The WyHIO ePrescribing Initiative is needed to increase efficiency, accuracy and appropriateness of medication to benefit patients, physicians, pharmacists and payers. ePrescribing is a major step to the statewide interoperable electronic health records implementation.

Purpose of Project To facilitate adoption of technology in the physician office, a statewide e-Prescribing initiative is proposed, beginning with a pilot implementation to demonstrate viability. Physicians and allied health professionals participating in the initiative will send prescriptions electronically to pharmacies through personal computers, PDAs or tablet devices. The practitioner will have the ability to review drug interactions, review formulary requirements and access a disease reference database. The WyHIO will assist the practices in installation of the system, training, matching incentives and ongoing support.

While significant technical, legal and operational issues need to be resolved before a national electronic prescribing plan goes into effect, developing such systems for electronic prescribing is a national and state priority. The Medicare Prescription Drug, Improvement, and Modernization Act of 2003 (Public Law 108-173) specifies the development of national standards for enabling the exchange of basic prescription data to and from prescribers and pharmacists, as well as standards for information exchanged about a patient's drug utilization history, possible drug interactions, the drug plan (including information about the formulary and cost-sharing), and information about lower-cost therapeutically appropriate alternatives.

Description of Project The system is designed to prevent medical errors due to illegible handwriting, decrease the need for time consuming telephone communications between the pharmacy and prescriber, and improve the turn around time filling prescriptions at the pharmacy.

The project will establish the baseline of preferred drug list use and use of generic drugs in the Medicaid program prior to initiating the project and will analyze these measures after adoption of e-Prescribing. These measurements will be made at 6 months (after an initial pilot), and after a prescriber has used the system for at least a full year after the rollout of the statewide project. Provider adoption will be tracked at the same intervals using a survey process to assess characteristics of early adopters.
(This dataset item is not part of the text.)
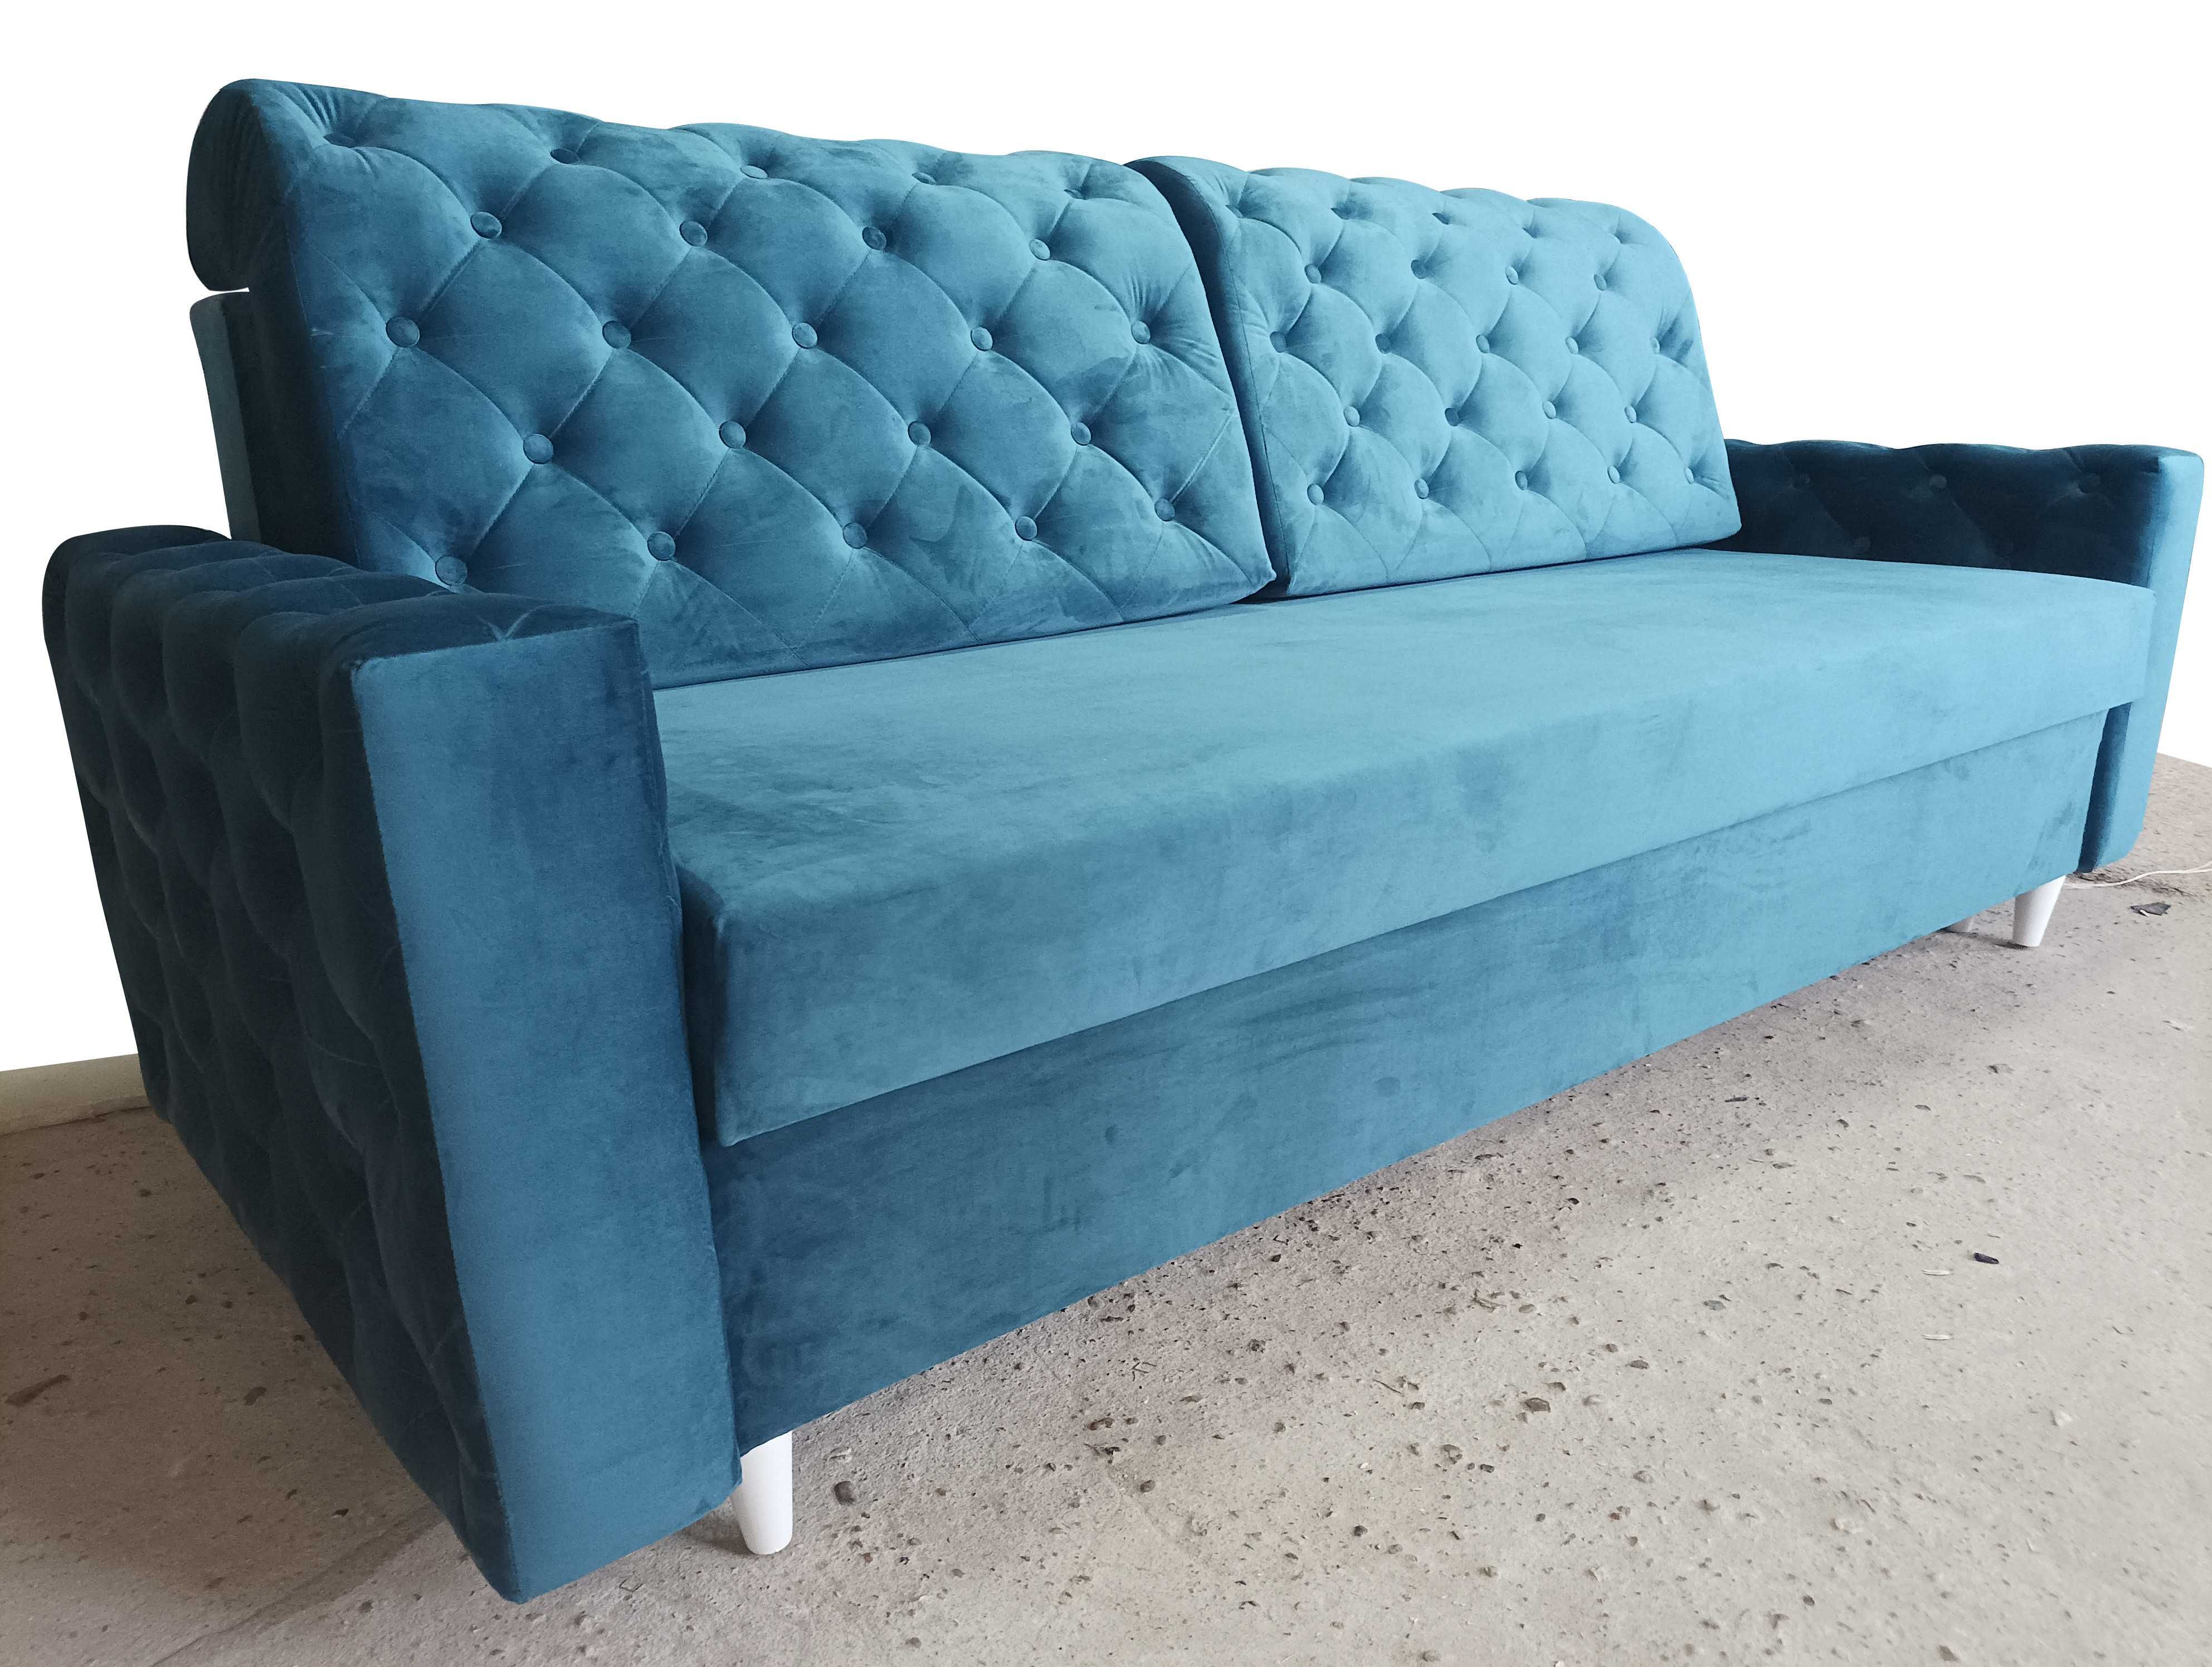 RATY NOWA! TANIO!  sofa Glamour kanapa rozkładana łóżko z pojemnikiem

Impact Sponsoring an ePrescribing initiative will streamline the prescription process by integrating payers, pharmacies, and providers. ePrescribing is being widely implemented through regional initiatives and is supported by accepted HIT standards. An ePrescribing system represents a low risk/high reward opportunity relative to other initiatives that may be considered.

Transmitting drug prescriptions electronically to pharmacies has been shown to reduce errors caused by handwriting and reduce the considerable time currently expended between pharmacies and prescribers in clarifying prescription information. In addition, with the cumulative electronic collection of prescription information, it is possible to develop a history of all medications that have been dispensed for an identified patient. This permits automated checking of interactions between drugs – a vitally important patient safety process. Moreover, accurate medication lists can be time and even lifesaving at the point of patient care.

Further, drug utilization data can be valuable for disease management of chronic conditions, and is indispensable information for measuring costs of care. Other uses of accurate patient medication lists include facilitating drug alerts and recalls, and identifying prescription drug abuse. Payers, who administer formularies with different coverage for different drugs can expect greater compliance when coverage information is available at the time of prescribing. JSI received positive feedback on ePrescribing from groups of physicians and pharmacists in Wyoming, who tend to view electronic prescribing as potentially delivering significant efficiencies for their daily practices.